- [Work order] From the line containing "Academic experience-Porbandar City" through the last line below, copy every line exactly, leaving out the pictures.

- [Raw data]
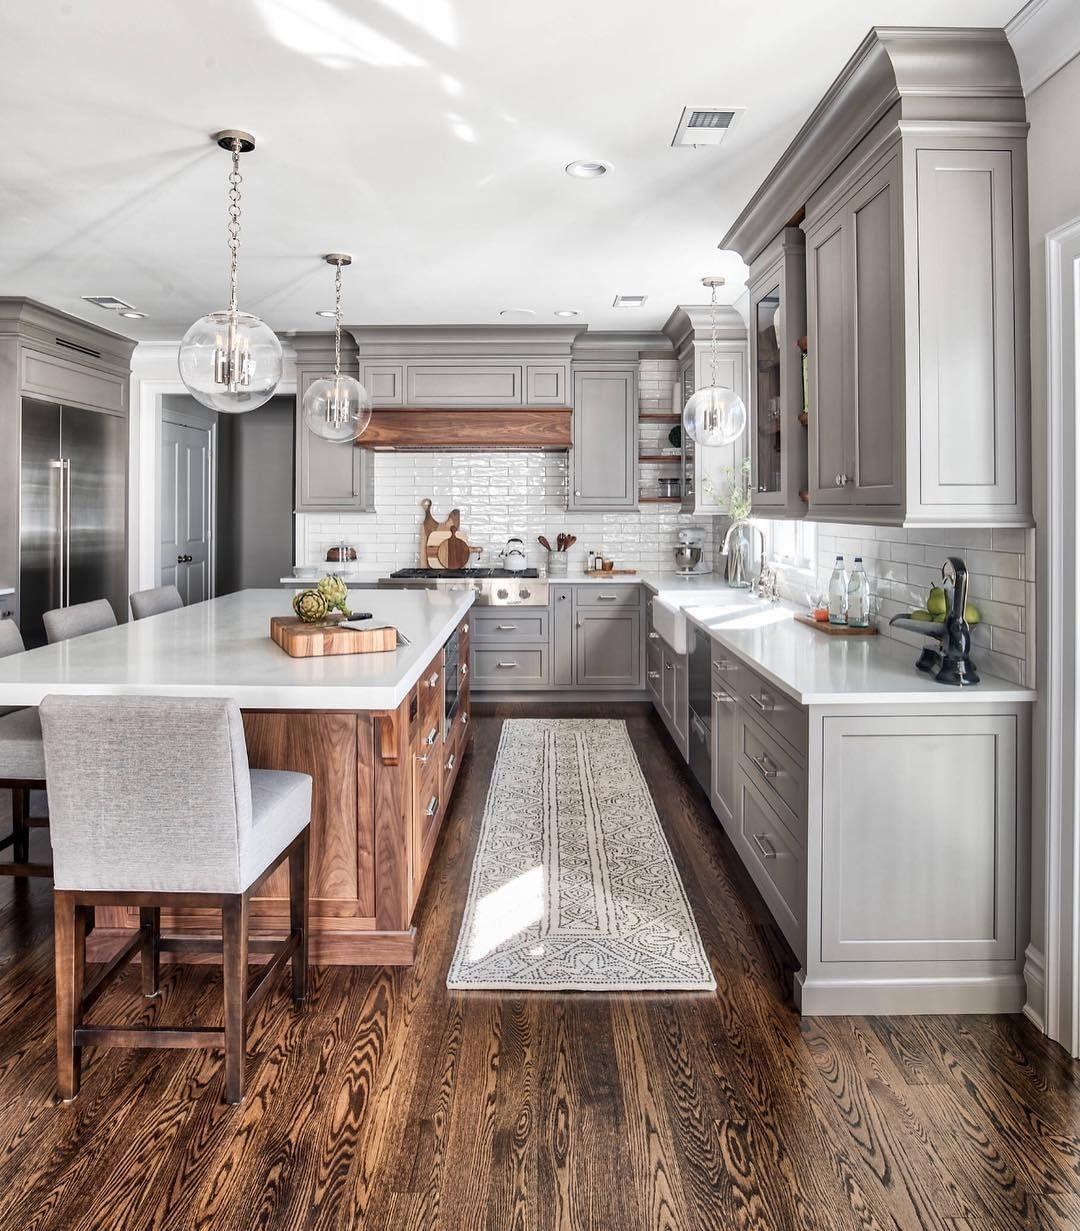 Stonington Gray Kitchen: We've Got One Word For This Gorgeous Kitche
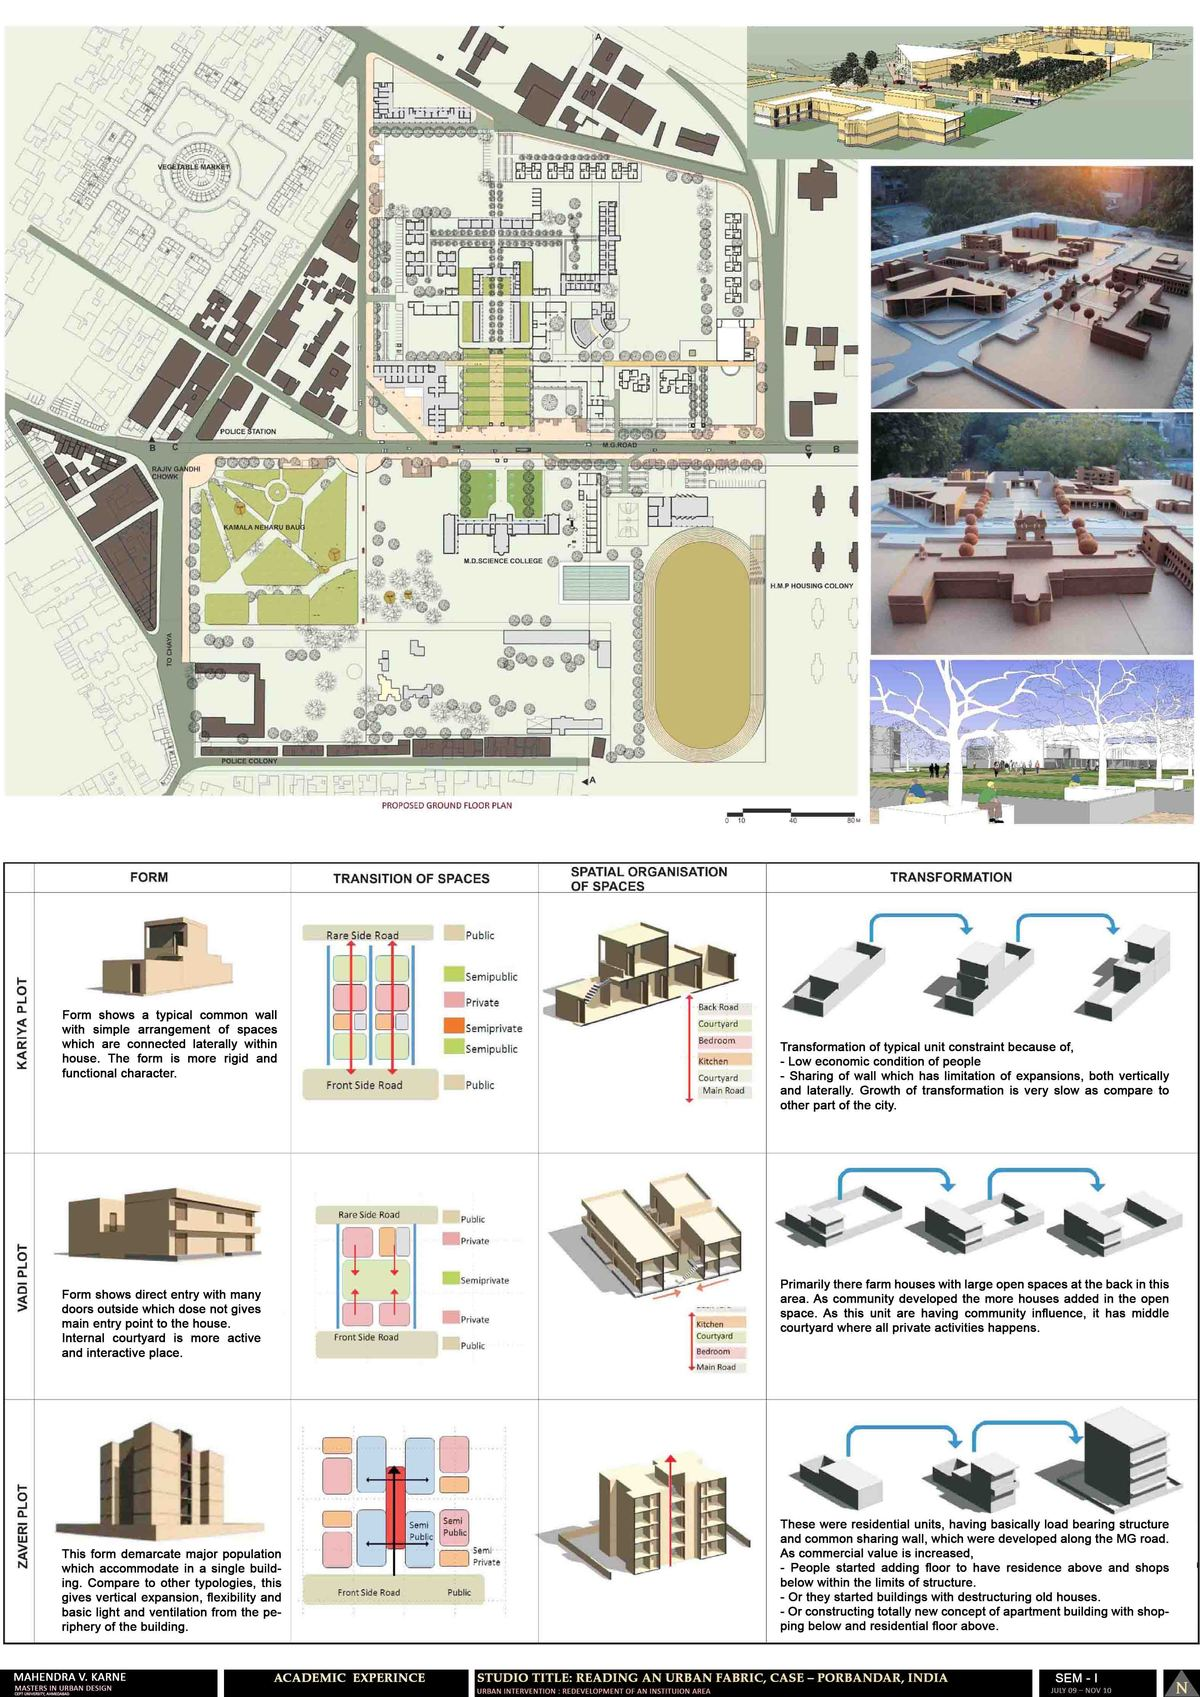 Academic experience-Porbandar City (India) 2/2
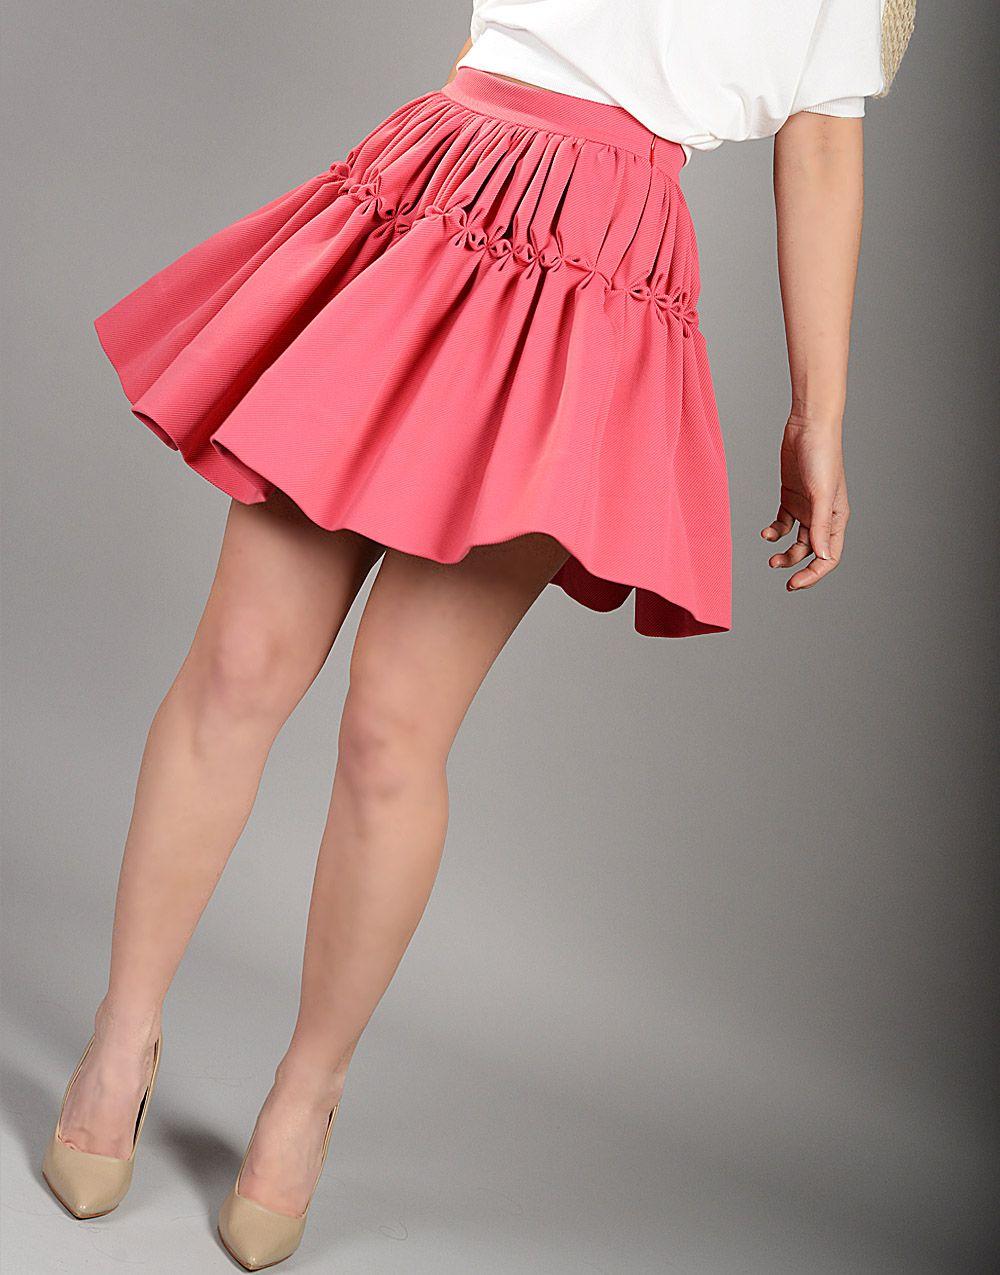 Mini skirts loose Pleated Skirt Retro Skirt Pink Skirt A Line Skirt Etsy In 2021 Retro Skirt Pink Skirt Plus Size Mini Skirts
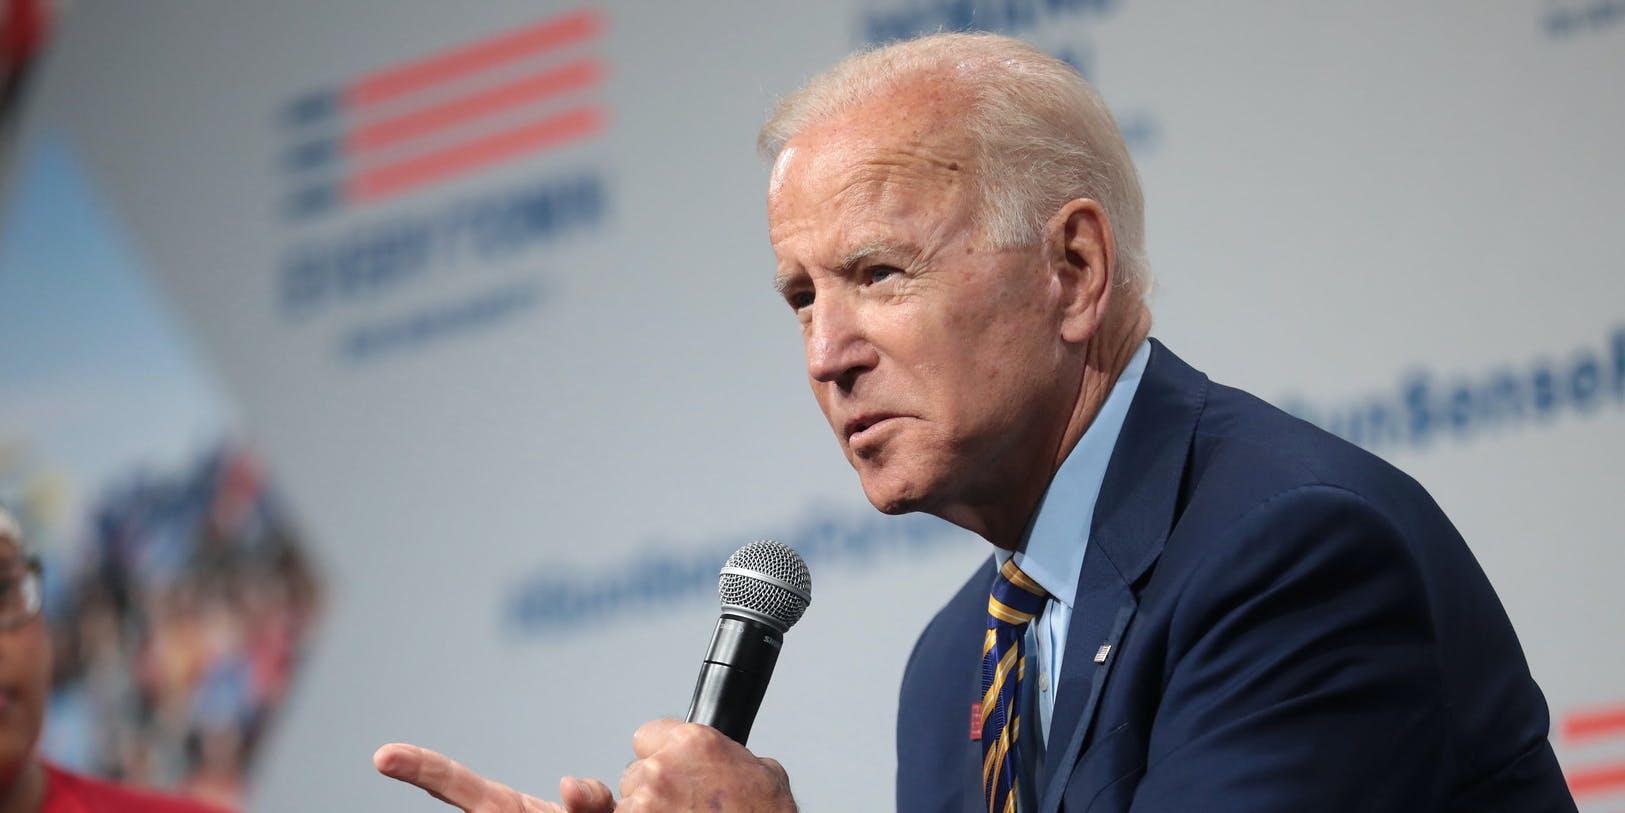 Joe Biden Views On Section 230 Communications Decency Act

- [Answer space]
 Academic experience-Porbandar City (India) 2/2
 Mini skirts loose Pleated Skirt Retro Skirt Pink Skirt A Line Skirt Etsy In 2021 Retro Skirt Pink Skirt Plus Size Mini Skirts
 Joe Biden Views On Section 230 Communications Decency Act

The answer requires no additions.